A one-bedroom furnished flat in Parklands followed. Life couldn’t have been better. Michelle says she “killed that ka-voice that said it was wrong. He showed up whenever he wanted. It was his house more than it was mine.”

Pregnancy came swiftly and she broke the news to him. “He turned his face toward me. The room turned black. I was on the floor. The left side of my face felt numb and then ached as if I was being pricked with a thousand needles. I was on the floor,” recalls Michelle.

She was instructed to “get rid of that thing! This was not part of the deal!” He threw some notes on the floor and walked out. Then he called after some hours. “Umeskia utoe hiyo kitu!” he roared.

That was the first abortion. Others followed.
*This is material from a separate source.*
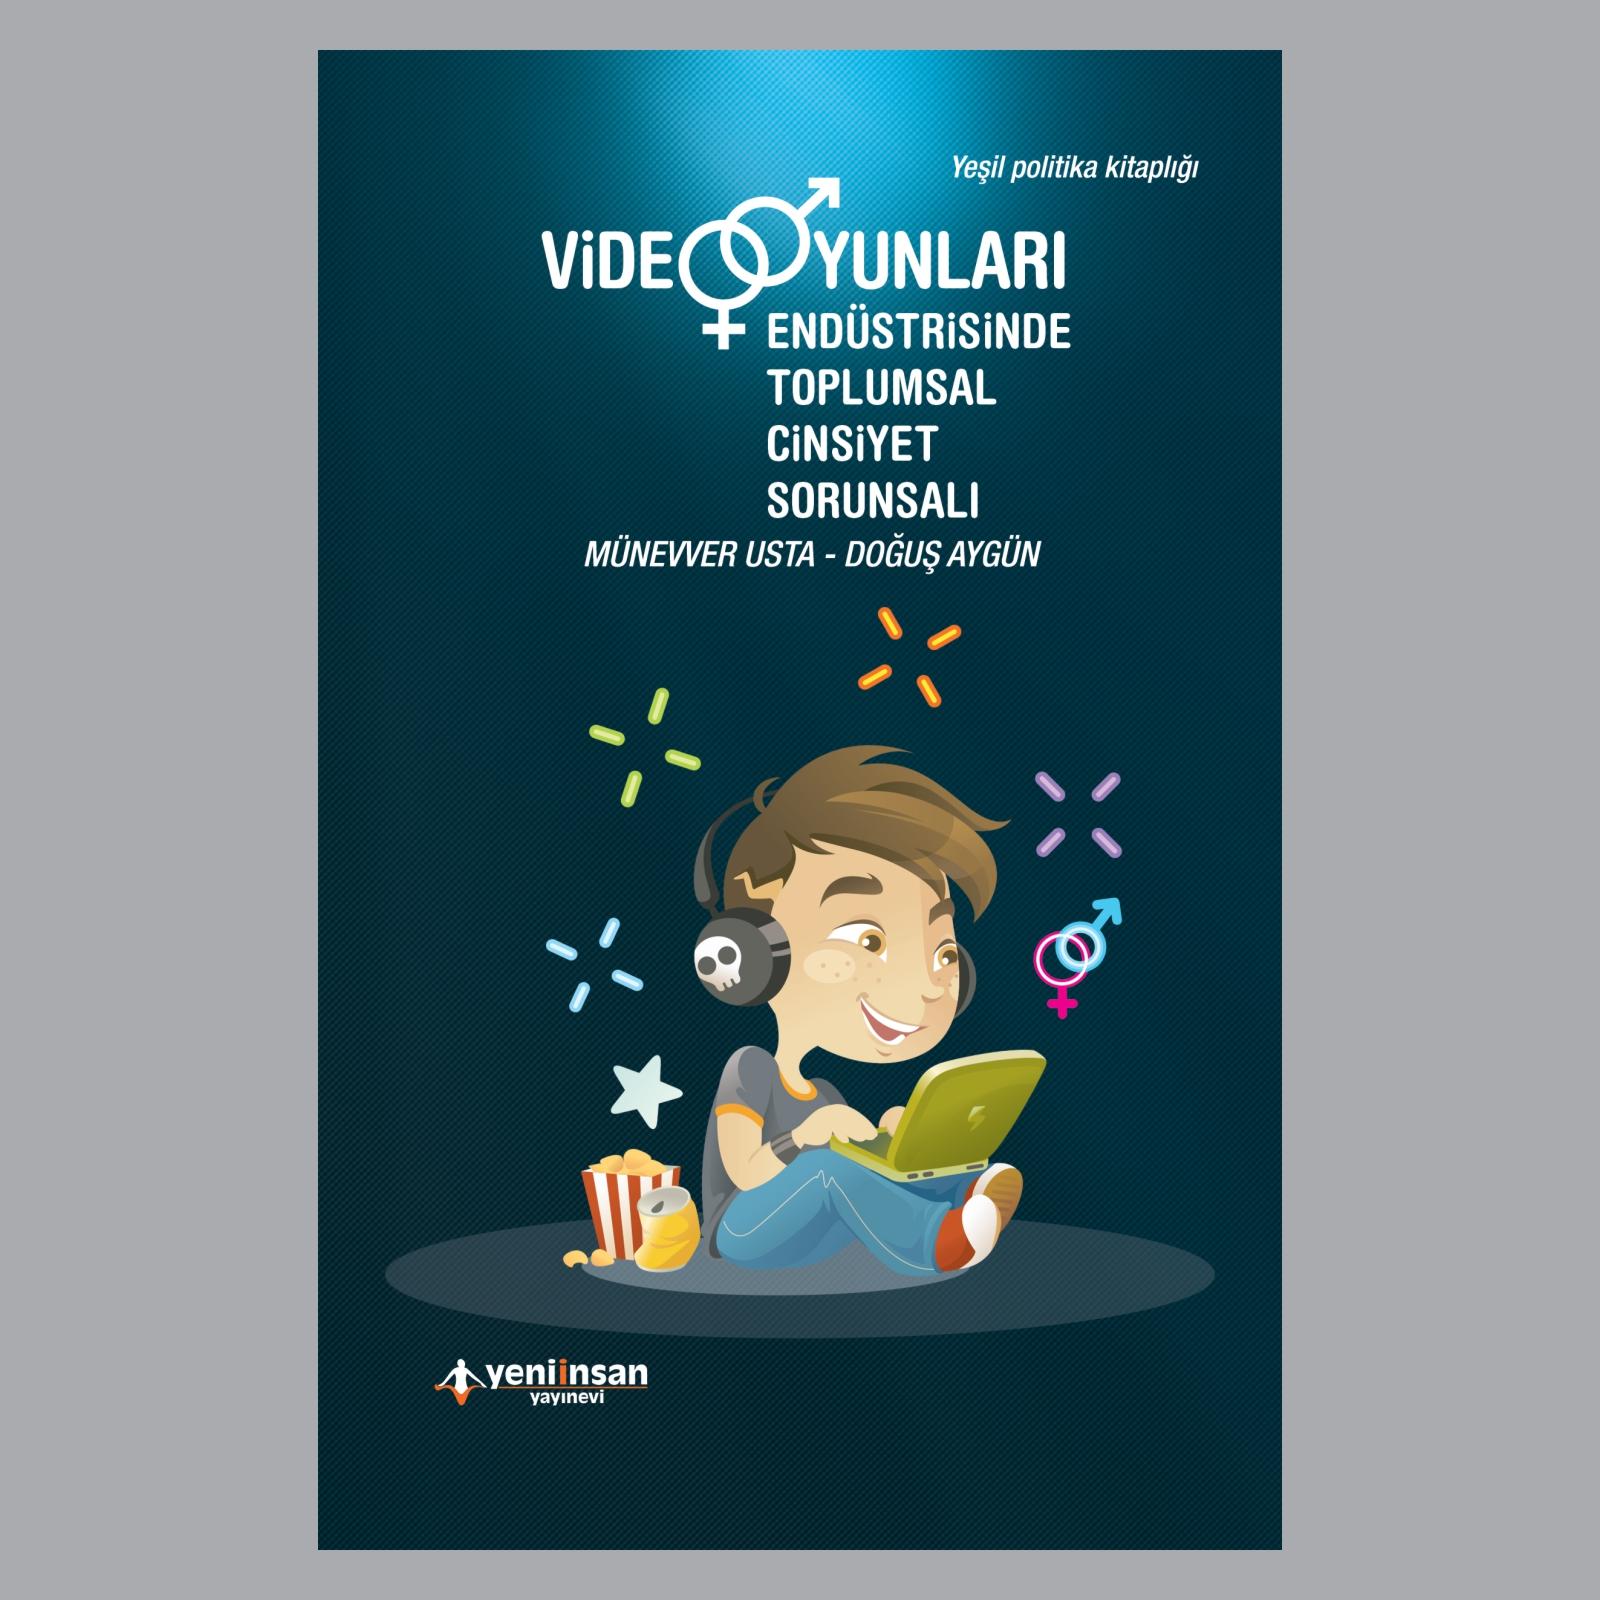 WebGörsel-Video

“The money at the beginning blinds you. It’s like the man pockets your brains so that you no longer think for yourself. Getting in is easy. Getting out, however, is like going through the proverbial eye of a needle. He called me all manner of names and with time, the little self-esteem I had was crushed to almost nothing.”

Michelle’s sponsor shortly picked another office girl and “it affected me emotionally. I don’t know why, but it did. So I bought expensive clothes and booze to numb the pain. The expensive make-up did a good job of hiding the struggles that went on in my soul.
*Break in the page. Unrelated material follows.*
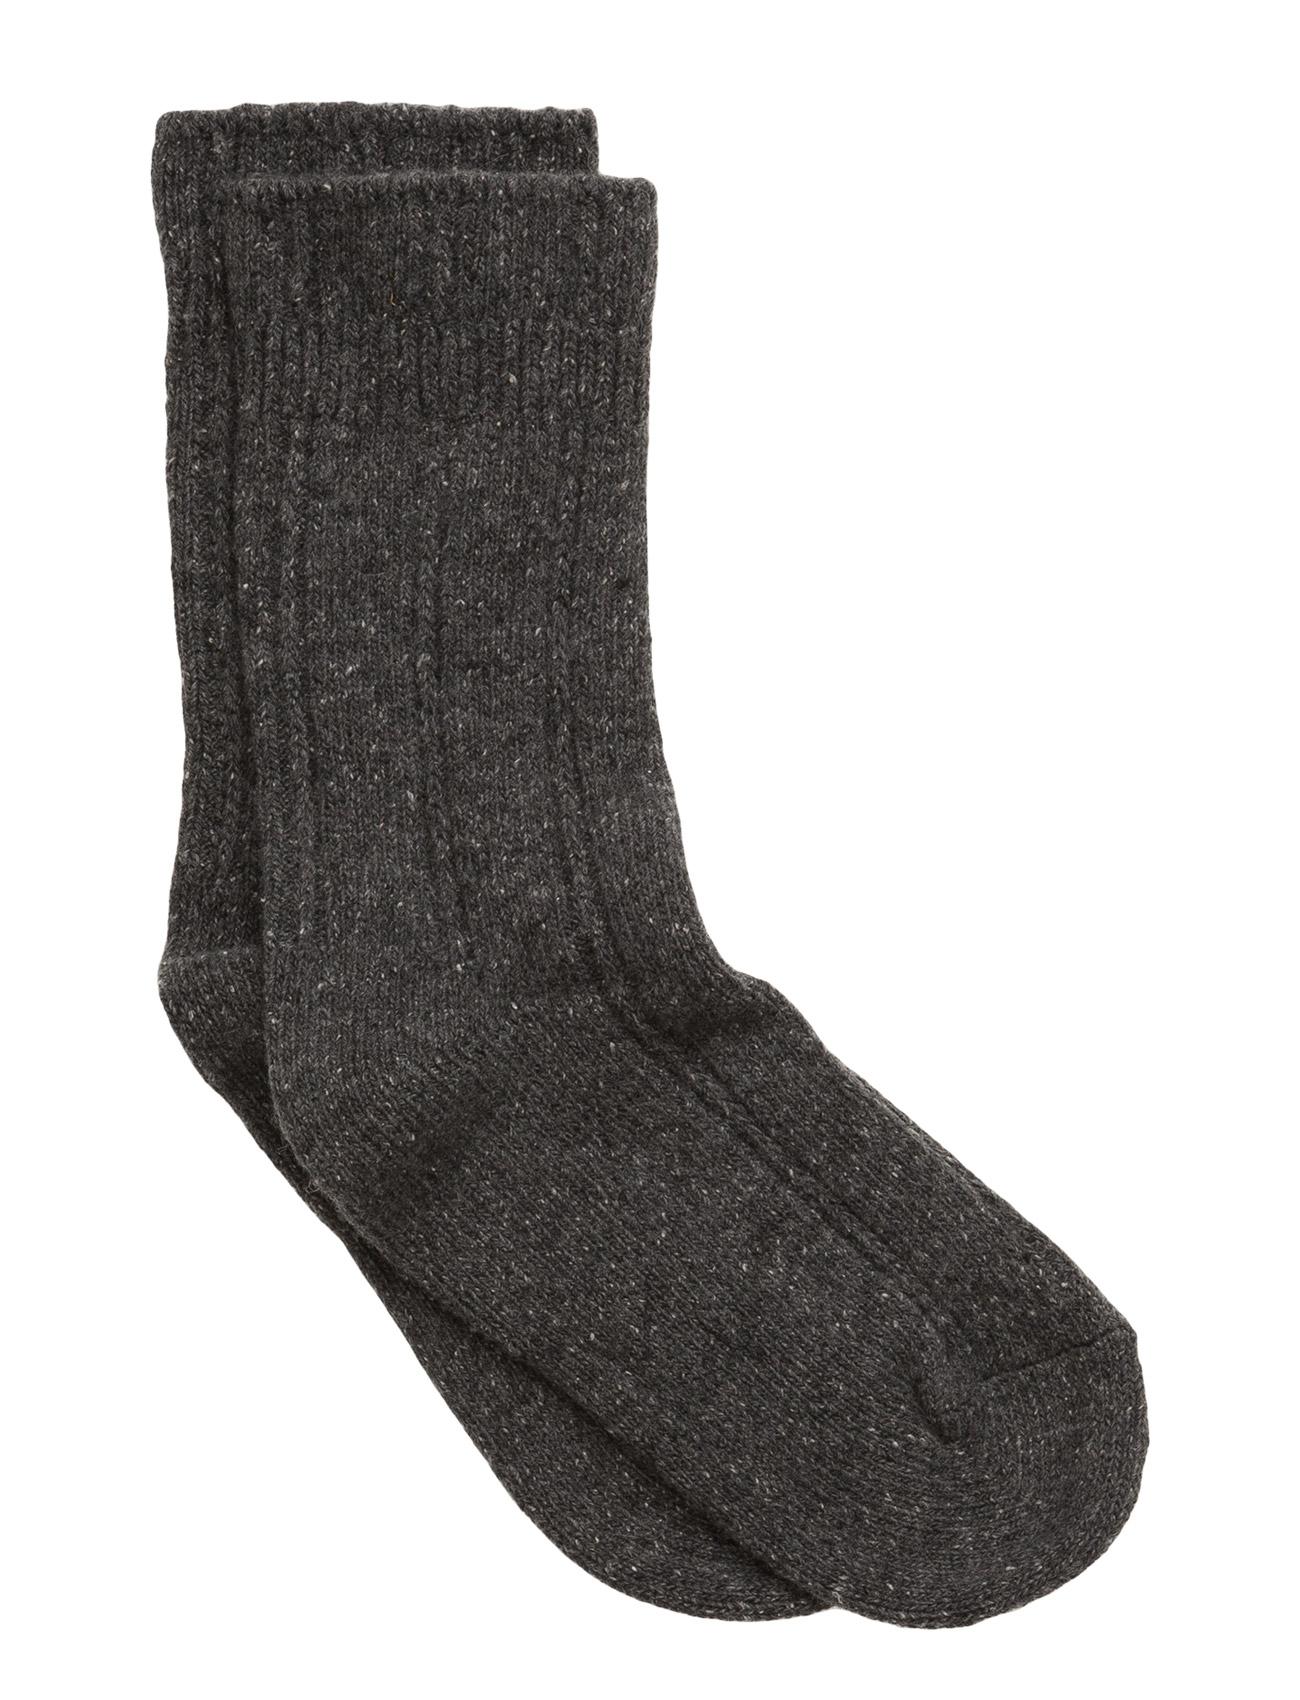 Wool Cozy Bed Sock W/Silk Melton Strømper & Strømpebukser til Børn i Light Grey Melange

After you’ve had one sponsor, you want to move to another one. Probably one who has more money. It is like a drug. He was just my first, my entry point to this dark world that looks so glamorous when you are looking from the other side,” laments Michelle, now in her late 20s and dead worried.

“If I get married, I will always struggle with the thought of my husband having a mpango. I struggle with guilt. A lot. I feel like I am not good enough. I don’t know if I will ever get over a lot of things that haunt me now,” she confesses.
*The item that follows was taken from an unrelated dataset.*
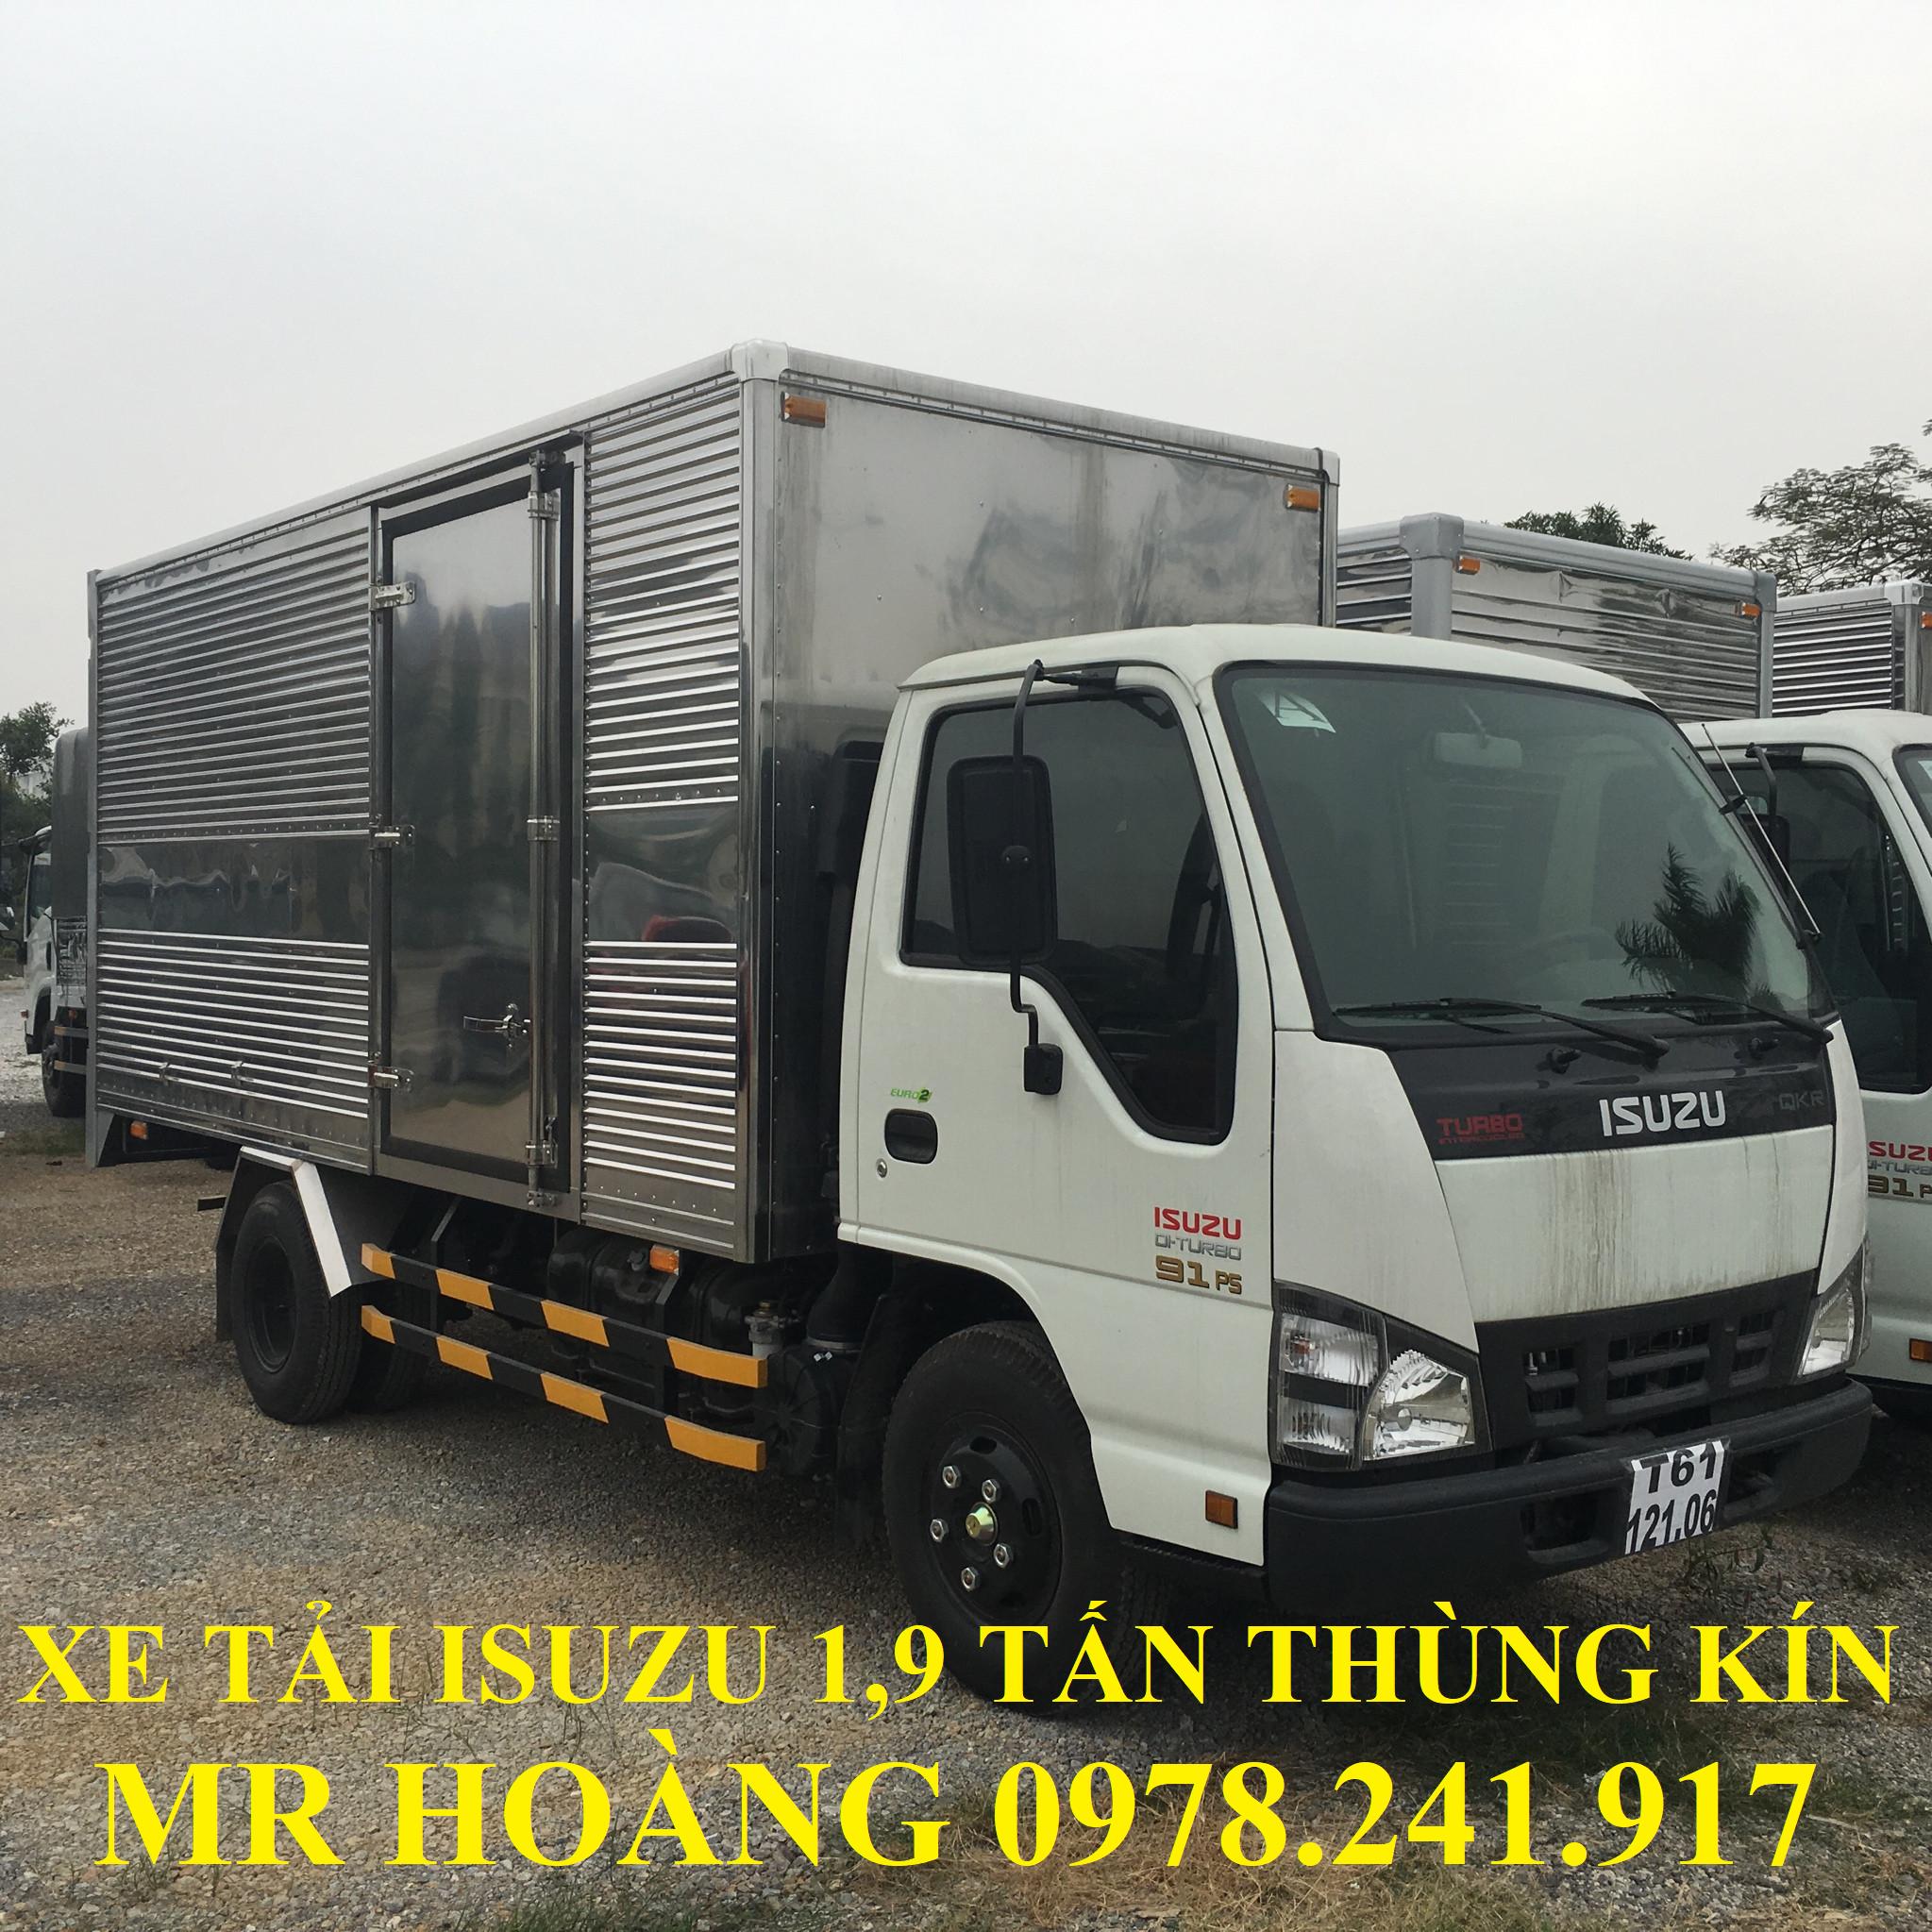 xe tải isuzu 1,9 tấn thùng kín

Michelle got rid of a sponsored life after attending the Daughters of Zion conference hosted by Reverend Kathy Kiuna at the Jubilee Christian Church in Nairobi.

“My journey to turning things around began there. I was broken. I still am. But I am learning to take things one day at a time. I have been going for counselling sessions. It has been tough, having to be financially broke and stuff, but then I wouldn’t trade my soul again for all the money in the world.” 

So, what happened to the money she got from the sponsor?

“That money never really helps anyone; whatever you invest in just fails. I spent it on maintaining a certain lifestyle - buying expensive clothes, partying, stuff like that. I have no single coin now that I can trace back to any sponsor. Maybe it’s because the wives of these men curse you with… or their tears, I don’t know…I warn young girls to steer clear of these possessive death-traps called sponsors. Tell them that this green grass called sponsorship money will cost you your soul – a price too high for anyone to afford.”

Michelle opens up about her father who had sexually abused her for three years before she turned 18. It affected, she says, her understanding of men. Her mother was none the wiser as “I didn’t think she would be able to handle such information. So I have kept it to myself.”